# Need help with making larger ics keyboard



## smellyfingers (Dec 19, 2011)

I would like to attempt to make a modded ics keyboard with larger keys for use on encounterics (or any ics rom).From what I understand it is a matter of decompiling the keyboard apk with apk tool, editing some size values, and compiling it back up. The problem is don't really know how to do any of those things. I tried apktool but I'm not sure if that even worked right, and even if it did, where are the values that control size? If someone could point me in the right direction i would greatly appreciate it. It is for the good of us fat fingered folks running ics on the X.


----------



## fakiesk8r333 (Aug 7, 2011)

smellyfingers said:


> I would like to attempt to make a modded ics keyboard with larger keys for use on encounterics (or any ics rom).From what I understand it is a matter of decompiling the keyboard apk with apk tool, editing some size values, and compiling it back up. The problem is don't really know how to do any of those things. I tried apktool but I'm not sure if that even worked right, and even if it did, where are the values that control size? If someone could point me in the right direction i would greatly appreciate it. It is for the good of us fat fingered folks running ics on the X.
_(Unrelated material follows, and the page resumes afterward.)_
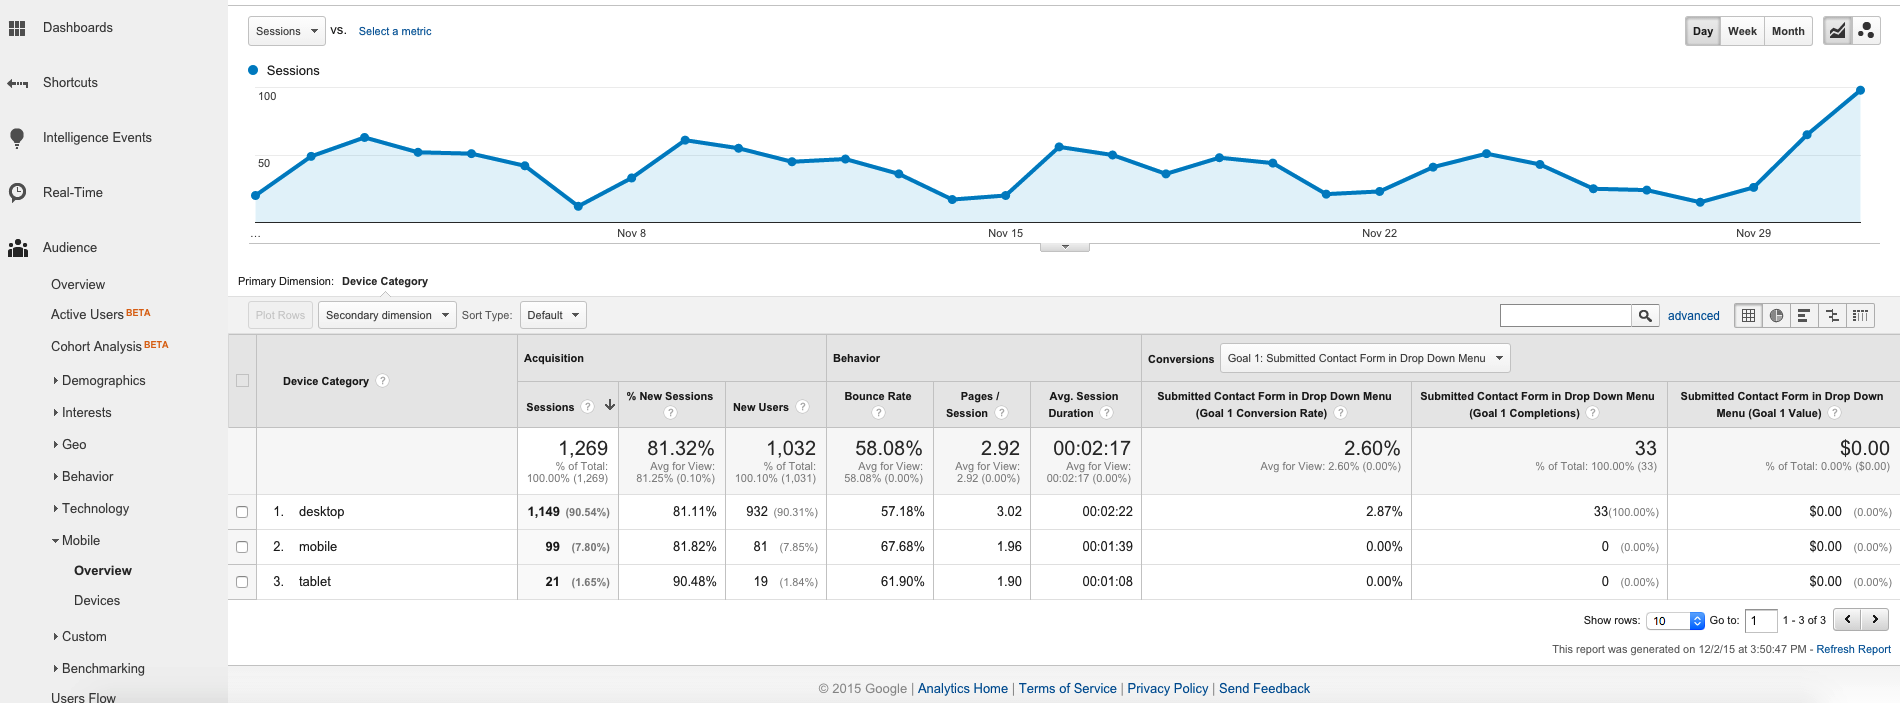 Device traffic from Desktop, Mobile, and Tablet shown in Google Analytics

Good ? Lemme dig into the apk and see if I find anything and I'll report back. Good luck

Edit: yea I'm nit really seeing anything that sticks out at me. U think there was an ics keyboard in the market that let you resize it. I may be mistaken though.


----------



## error311 (Oct 14, 2011)

I was checking this out also as I got fat fingers ! lol

The guy who did the larger keyboard for cm7 says:



dhaliwal925 said:


> After decompiling the APK using apktool, go into the Res folder > values > dimensions.XML you really only need to change the first line for size..same for landscape but that is located in value-land folder..recompile and then using 7zip move over just the resource file and replace the one in the original apk because the one you compile will not be signed..I have switched to a couple of different themes and the keyboard stays the same size..albeit none of them really changed the keyboard much except for color. You will however have to move over the apk once the new version is released


I started messing with it, im assuming instead of LatinIME its now LatinIMEGoogle.apk but I cant get it to decompile with APK tools :/


----------



## smellyfingers (Dec 19, 2011)

I was having the same problem. I think ics might be the issue.


----------



## error311 (Oct 14, 2011)

smellyfingers said:


> I was having the same problem. I think ics might be the issue.


Yeah I tryed alot can't figure it out. But for now what I did was download Ice Cream Sandwich Keyboard free from Johntanmi off the market. The keyboard is about almost an full key higher then the original one. There is also an paid version to change the height too. The free is enough for me to be able to type normally tho so I recommend checking that out. Its about 100% like the regular keyboard too.


----------